The Iraqi government recently issued an arrest warrant for AMS spokesman Harith al-Dhari, accusing him of "supporting terrorism." Mr. Dhari is presently spending time in Jordan and other countries in the region.
"Maybe they are talking to small entities, and the reason for that is that the active resistance won't negotiate, because they want America to withdraw from Iraq," Mr. Faili argues. "This is a huge mistake – Americans have to be logical. They have to be realistic and to know one thing – that they are not going to stay in Iraq. That they are not going to have bases in Iraq."
The AMS is also part of the National Salvation Front, the initiative announced by Mr. Mutlaq.
The bloc includes Shiite and Sunni parties that are united in their call for regional and international dialogues on solving the Iraq "catastrophe." The only parties not participating are Maliki's Dawa Party, the country's two main Kurdish parties, and Hakim's SCIRI. It also includes the Fadhila Party led by Ayatollah Samir Yacoubi, a strong Shiite party that rivals SCIRI's power in southern Iraq.
"It is like a shadow government," Mustafa al-Hiti, a member of parliament with Mutlaq's party, says of the new front. "There must be change."
In and around Baghdad Wednesday, more than 100 people were killed or found dead. Three American troops died Monday, two as a result of insurgent attacks. Despite a string of ambushes, mortar attacks, and bombings Tuesday, the chief US military spokesman told reporters that all of Iraq would be under Baghdad's control by the fall of 2007, with US soldiers and Marines and other coalition forces playing a supporting role.

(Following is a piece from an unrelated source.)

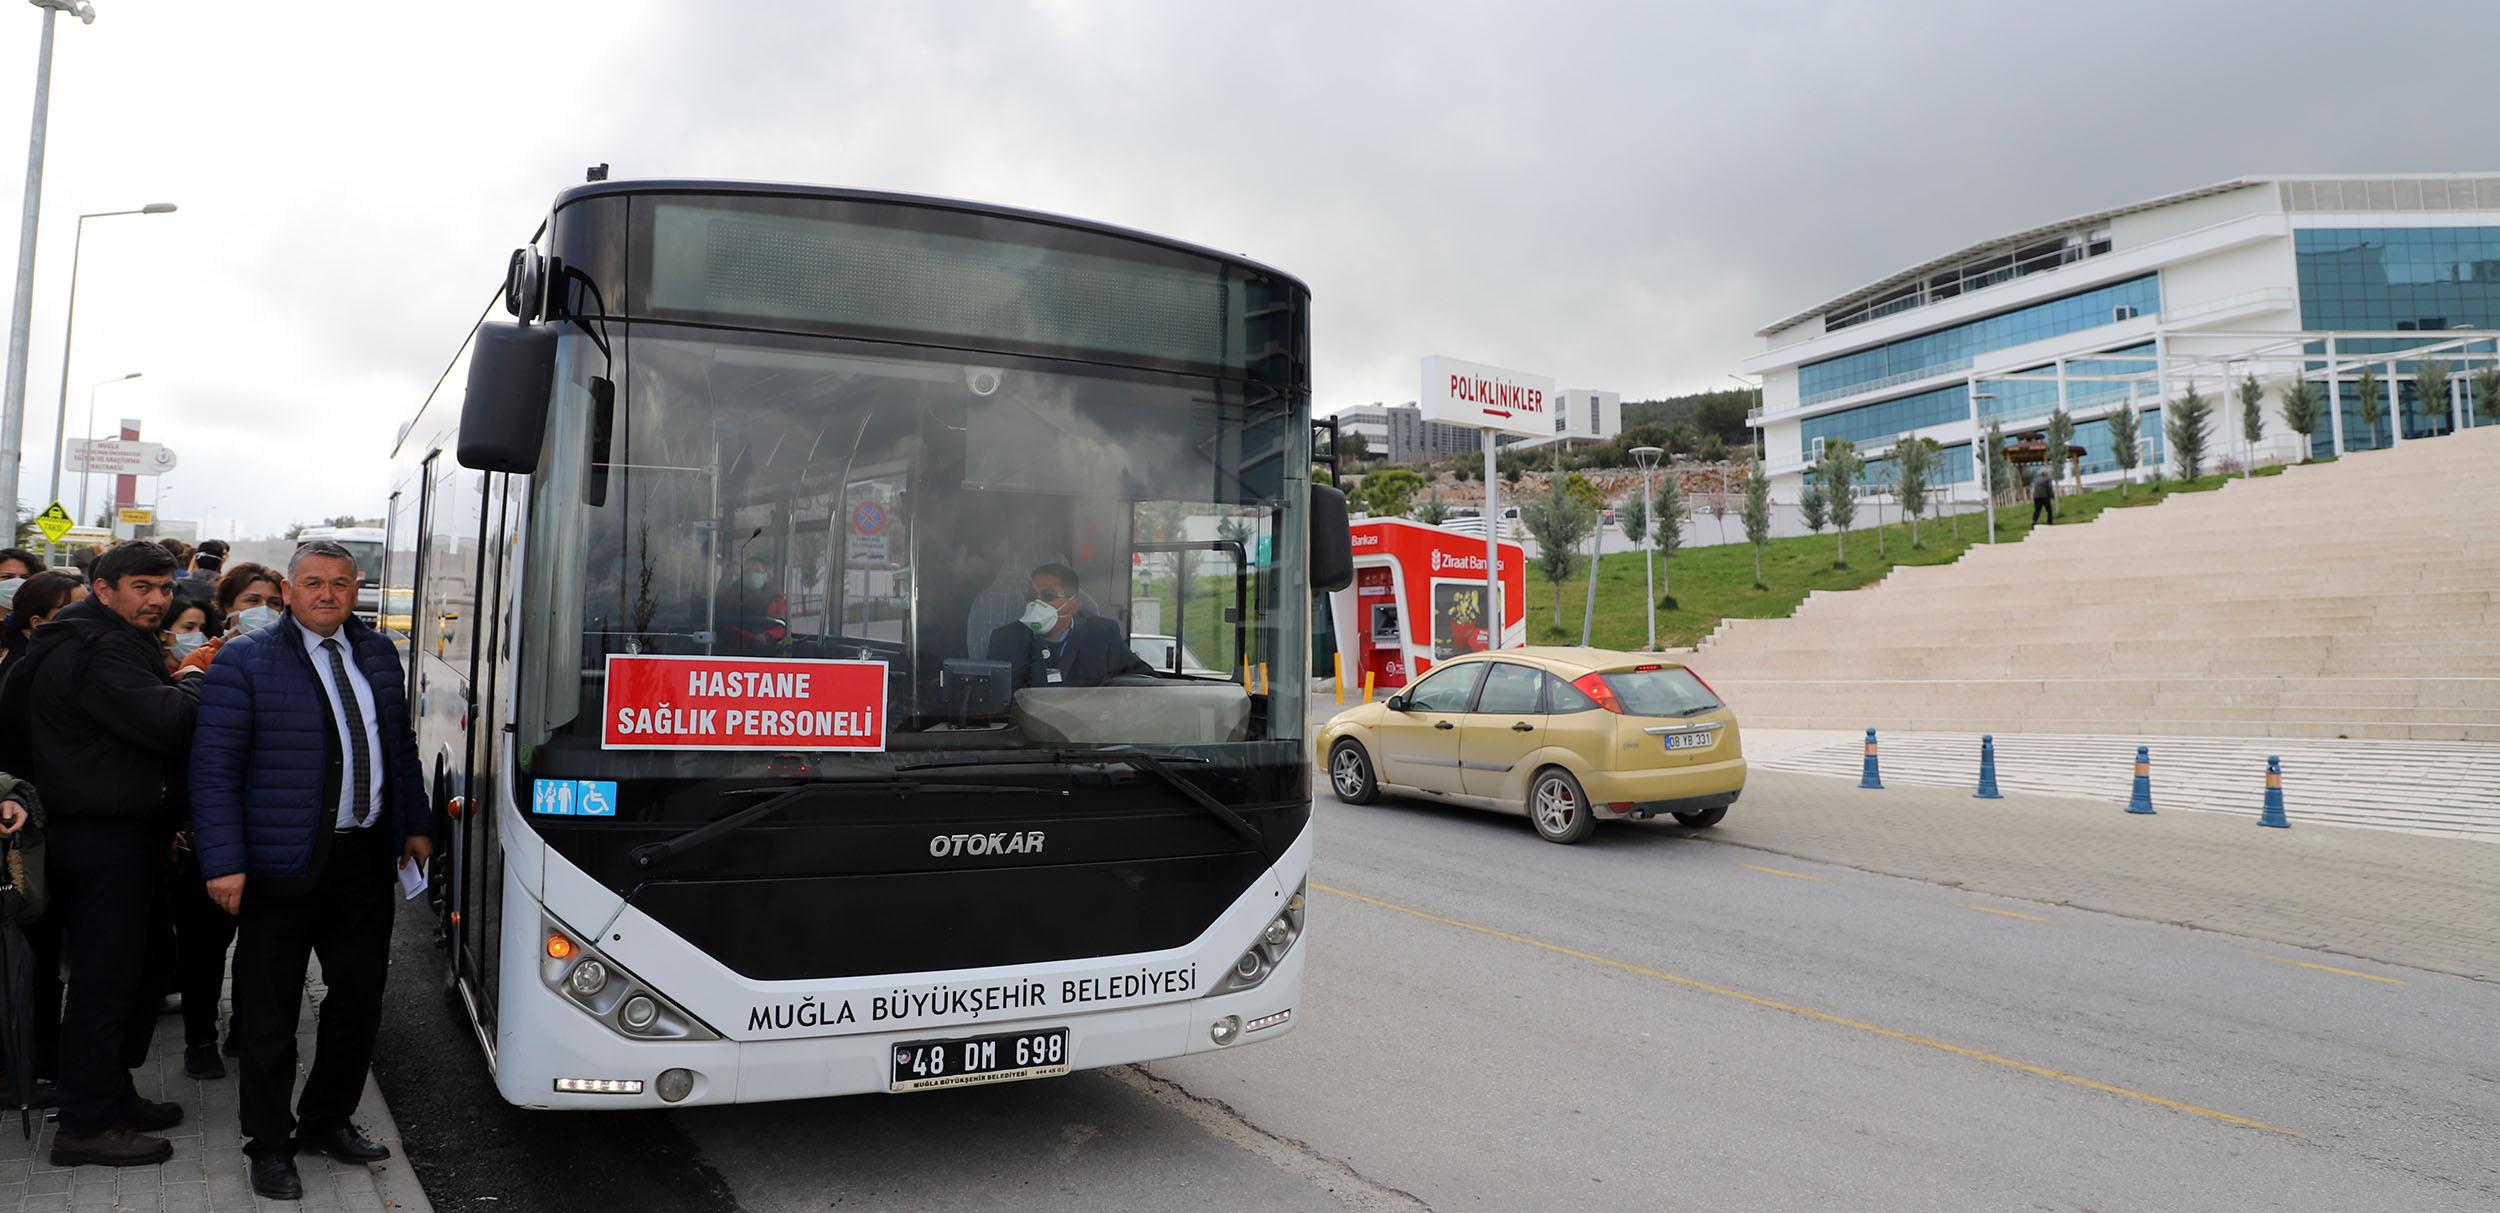 Sağlık çalışanlarına ücretsiz ulaşım uzatıldı
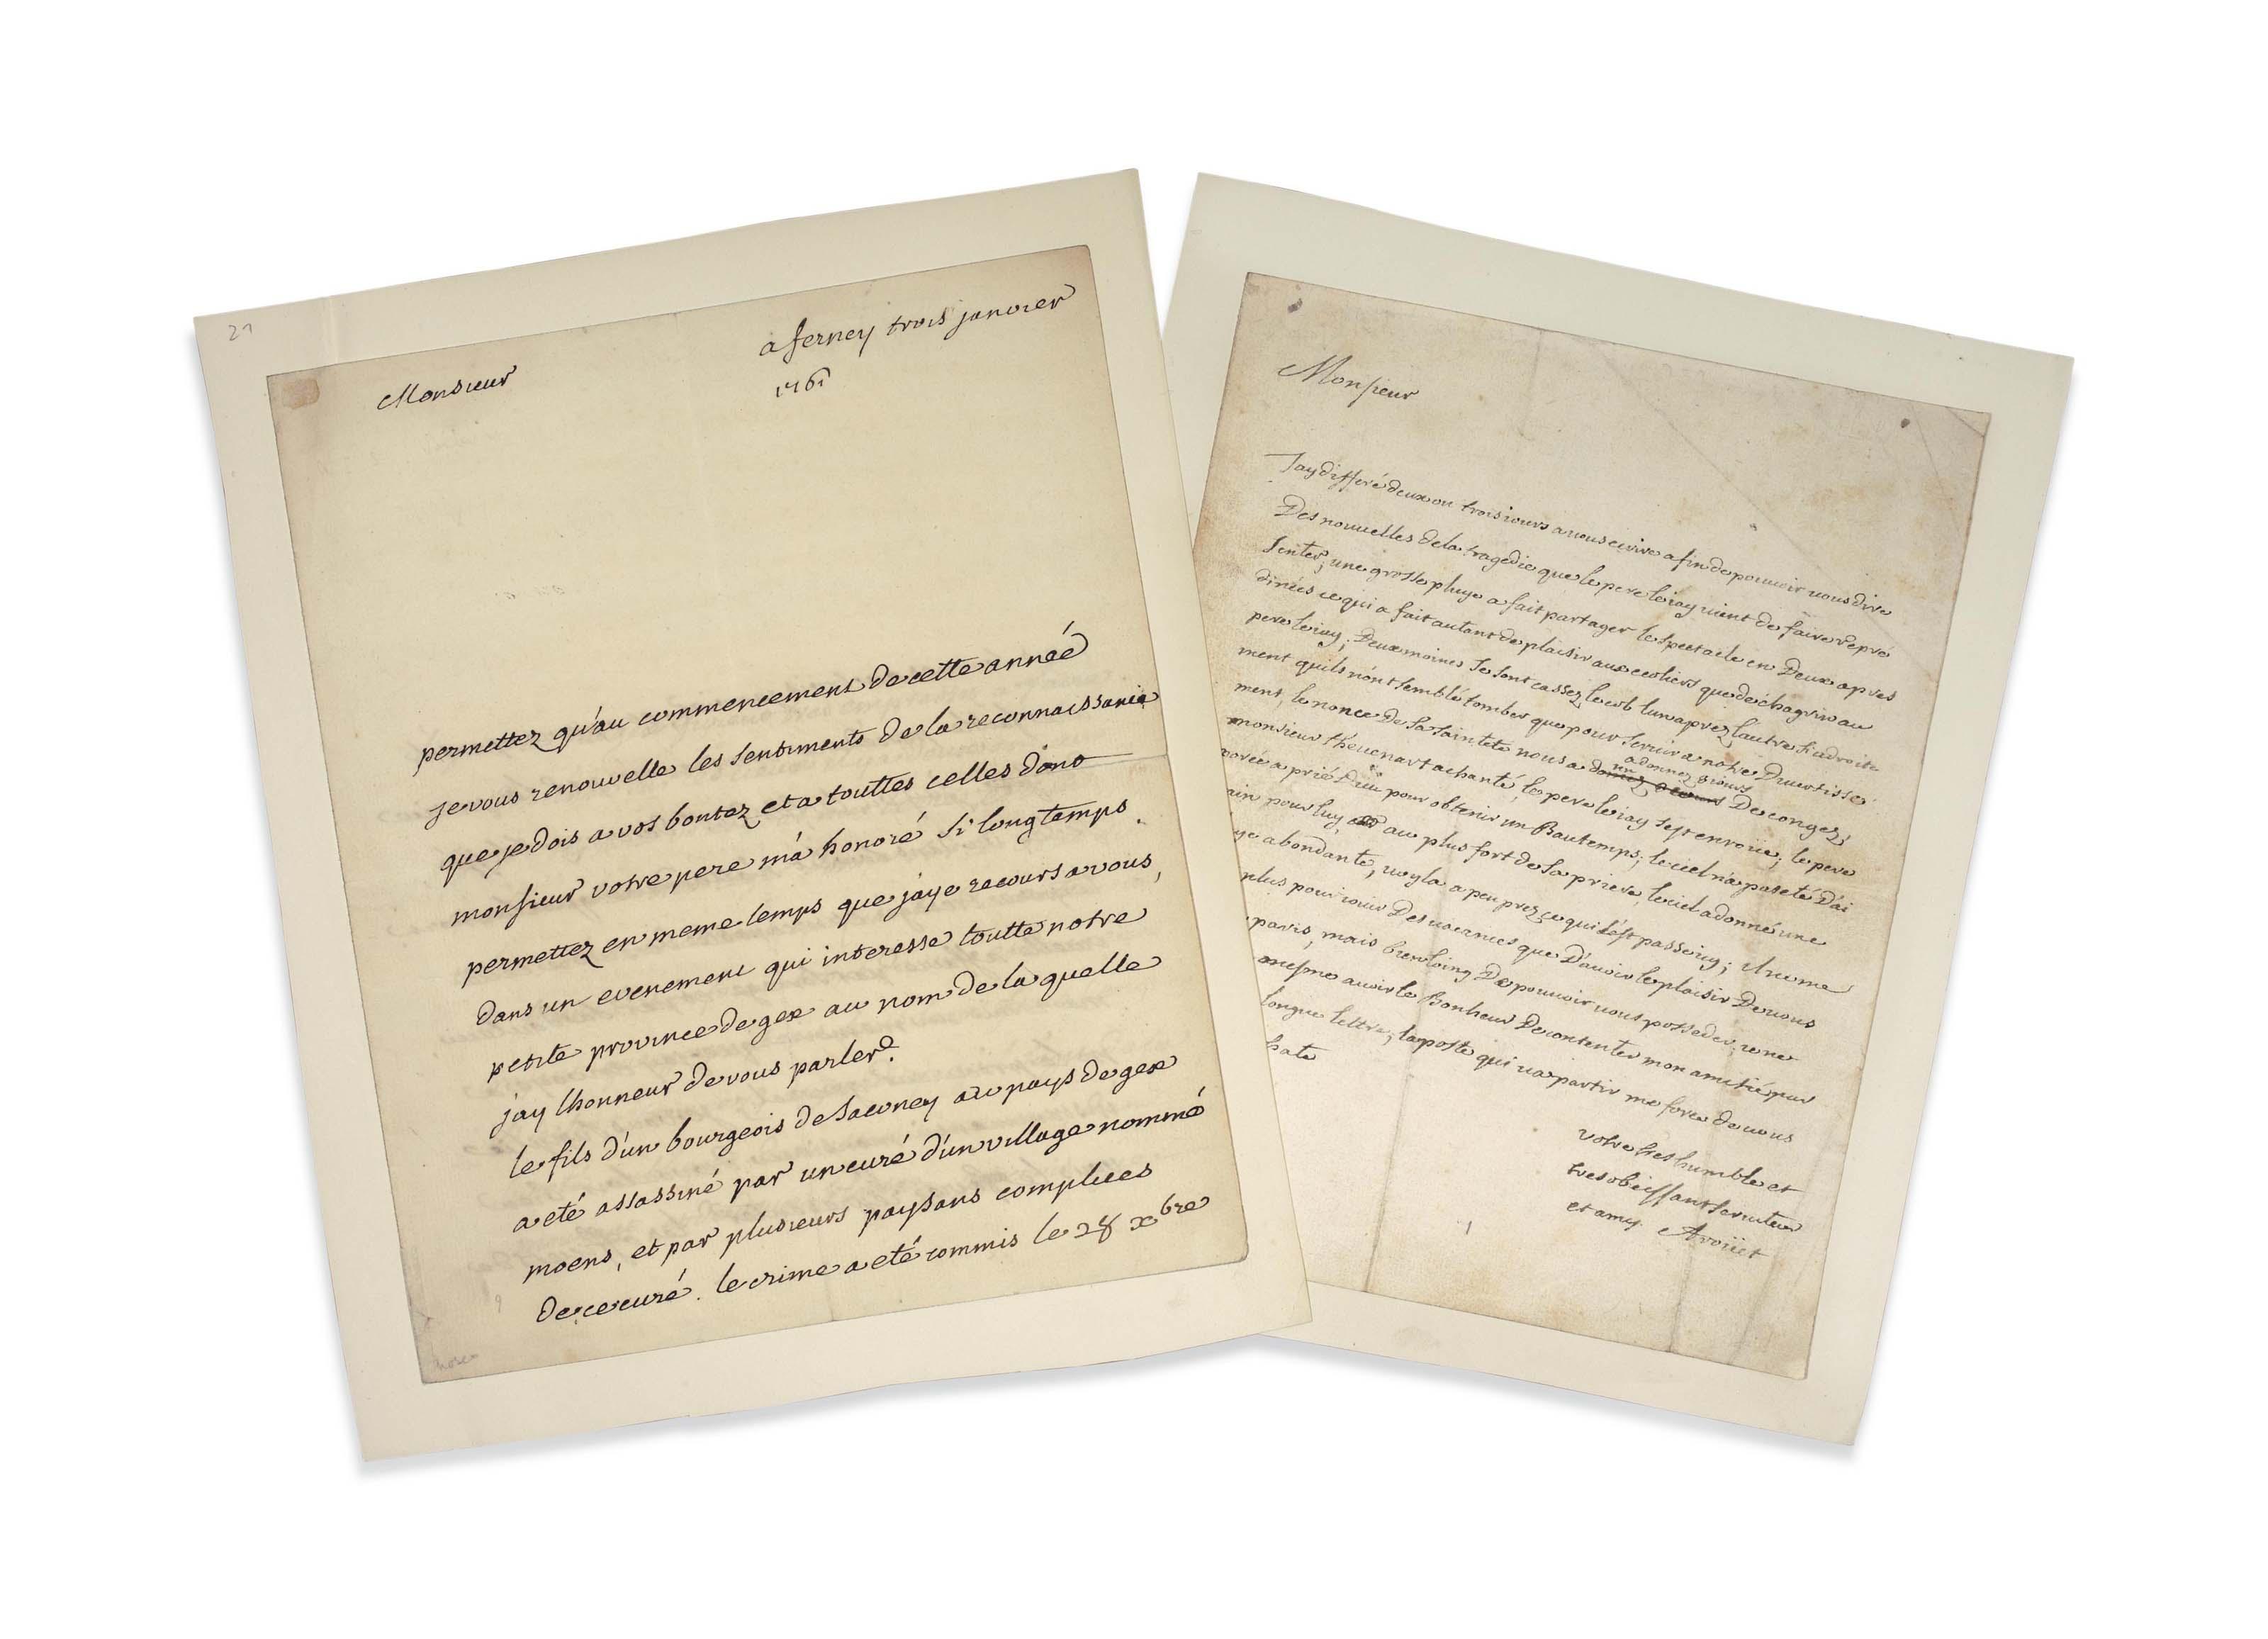 VOLTAIRE, François-Marie Arouet dit (1694-1775). Réunion de deux lettres autographes signées. Provenance: ancienne collection Tronc-Jeanson.

Meanwhile, a new poll by WorldPublicOpinion.org found that 75 percent of Americans believe that to stabilize Iraq, the US should enter talks with Iran and Syria, and nearly 80 percent support an international conference on Iraq.
A majority also opposes keeping US forces in Iraq indefinitely and instead supports committing to a timetable for their withdrawal within two years or less, the poll found.
• Wire services were used in this article.